In 2012, researchers identified aspirin, statins and metformin as commonly used drugs that “may reduce breast cancer mortality among those with the disease by an amount that rivals the mortality reduction gained by currently used therapies.”

… the evidence is strongest for aspirin (approximately 50% reduction), statins (approximately 25% reduction), and metformin (approximately 50% reduction). As these drugs are generic and inexpensive, there is little incentive for the pharmaceutical industry to fund the randomized trials that would show their effectiveness definitively. We advocate that confirmation of these findings in randomized trials be considered a high research priority, as the potential impact on human lives saved could be immense (emphasis added).

In 2014, researchers found that metformin combined with tamoxifen “additively inhibited the growth” of ER+ breast cancer cells. This was a laboratory test of human breast cancer cell lines MCF-7 and ZR-75-1. This is only one in vitro experiment that supports using metformin to treat breast cancer.

From a report of a 2014 meeting in Milan:

Metformin is being extensively tested in cancer trials, including in one preoperative trial by their group. Various recent findings indicate that metformin could replace fasting which has been shown to possibly increase the efficacy of chemotherapy, could be beneficial in combination with radiotherapy and would able to increase the lifespan of mice. This confirms the biological potential of metformin and its interest as a drug reposition to treat some cancers.

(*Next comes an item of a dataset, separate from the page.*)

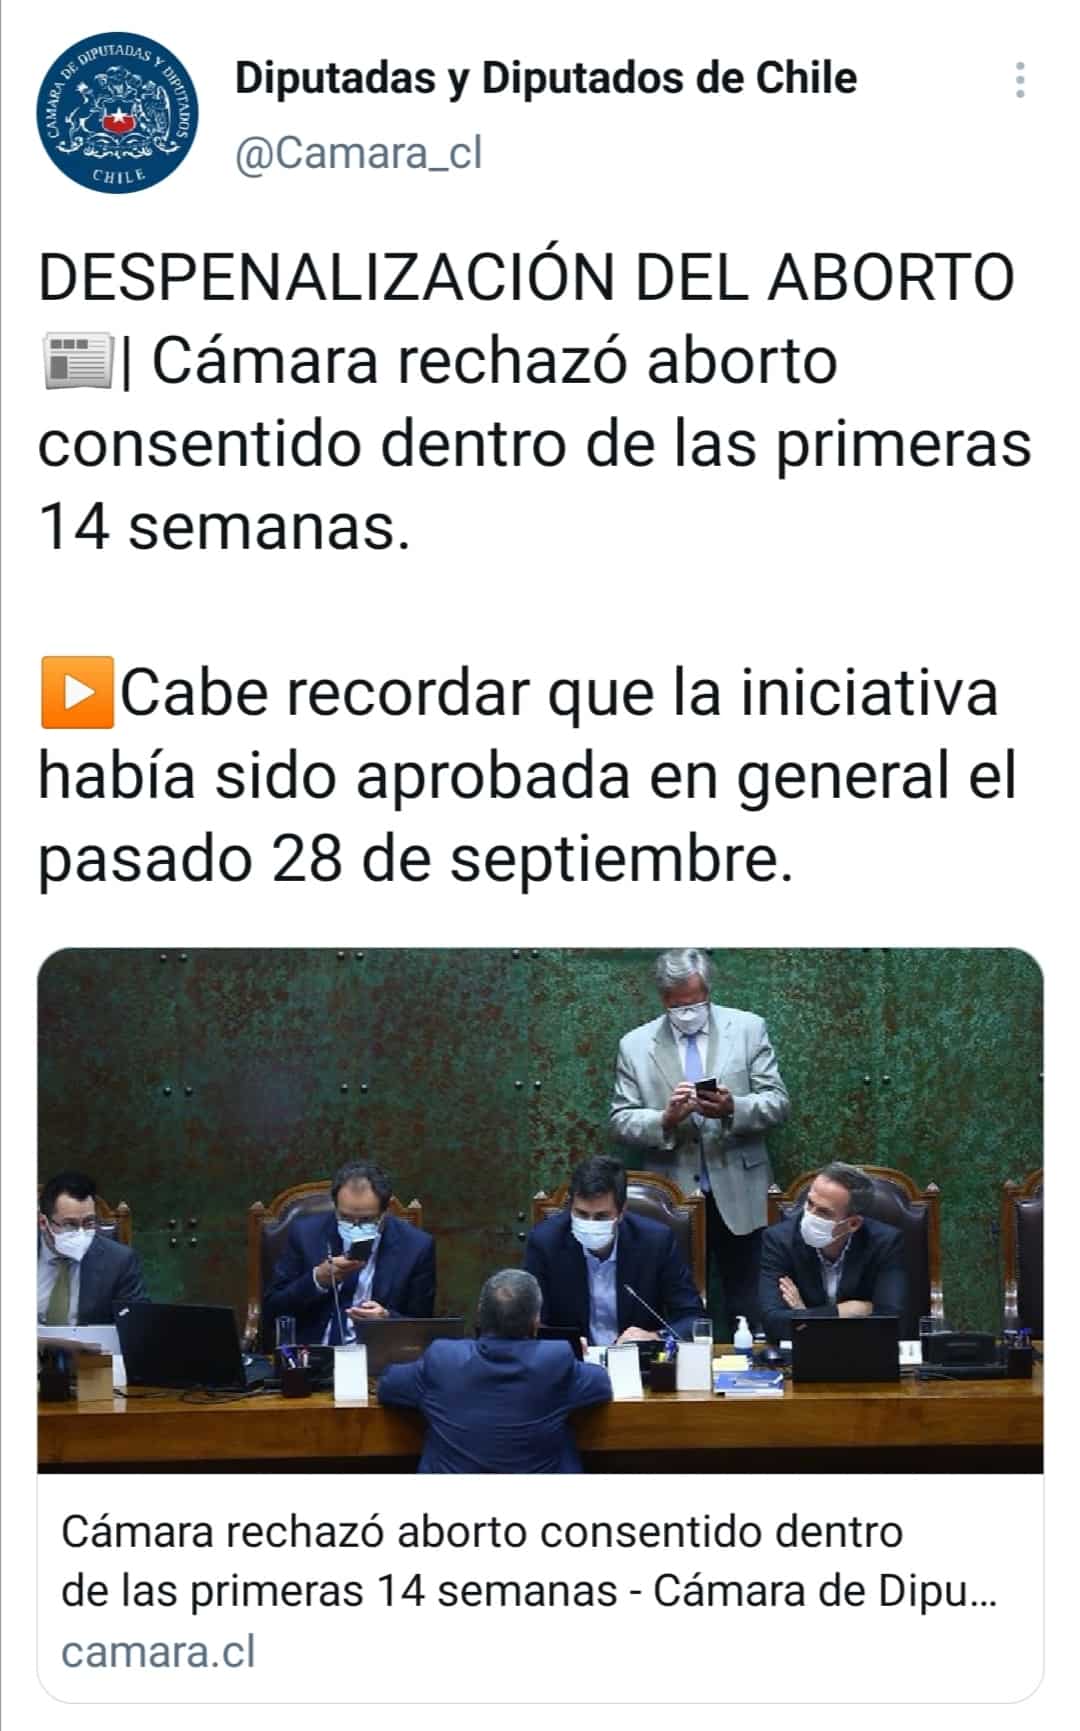 Despenalización del aborto en Chile.

A 2015 study examined more than 100,000 electronic medical records from Vanderbilt University Medical Center and Mayo Clinic by Xu. Researchers showed that metformin use significantly reduced the risk of cancer mortality compared to patients who were not using metformin; this included breast cancer.

UK research from 2015 also provided “evidence that breast cancer-specific mortality decreased with each year of metformin use.” For patients who developed diabetes after their breast cancer diagnosis, taking sulphonylurea derivatives “was strongly associated with cancer-specific mortality.”

Data from Egypt, reported in 2016, showed that metformin significantly decreased the number of metastatic cases of breast cancer after six months of hormone therapy. Women in the metformin group received 850 mg twice a day.

Analysis of 14,766 women from the Surveillance, Epidemiology and End-Results (SEER)-Medicare database data, published in 2017, showed that metformin (n=2,558) lower risks of a second breast cancer event by 28%; breast cancer recurrence by 31%; and breast cancer death by 49%.

Diabetic patients with cancer who take other drugs, such as sulfonylureas or insulin, have been shown to have an increase in mortality relative to those taking metformin.

Which breast cancer types?

Breast cancer has been categorized into five major molecular subtypes:

  • luminal A
  • luminal B
  • HER2+
  • breast-like
  • basal-like/triple negative

The question remains: does metformin act equally on all subtypes?

…in vitro studies strongly support a role for metformin, which is one of the most commonly used diabetic medications, as a generic therapy for most, if not all, breast cancer subtypes.

A meta-analysis published in 2015 showed the metformin improved overall survival for breast cancer patients by 65% after adjusting for hormone receptor expression. In vitro studies also suggest aspirin adds to metformin’s ability to control breast cancer.

A 2017 report suggests that “metformin plus propranolol combined treatment might be beneficial for triple negative breast cancer control.”

The Care Oncology Clinic in London is prescribing “approved drugs with known anticancer activity,” according to Travis Christofferson in  Tripping Over the Truth: How the Metabolic Theory of Cancer is Overdue. The four repurposed drugs: metformin, a statin, doxycycline (an antibiotic), and mebendazole (anti-fungal).

Currently there more than 40 recruiting and completed clinical trials in the cliental trials database that are focused on the use of metformin with combinational cancer therapies.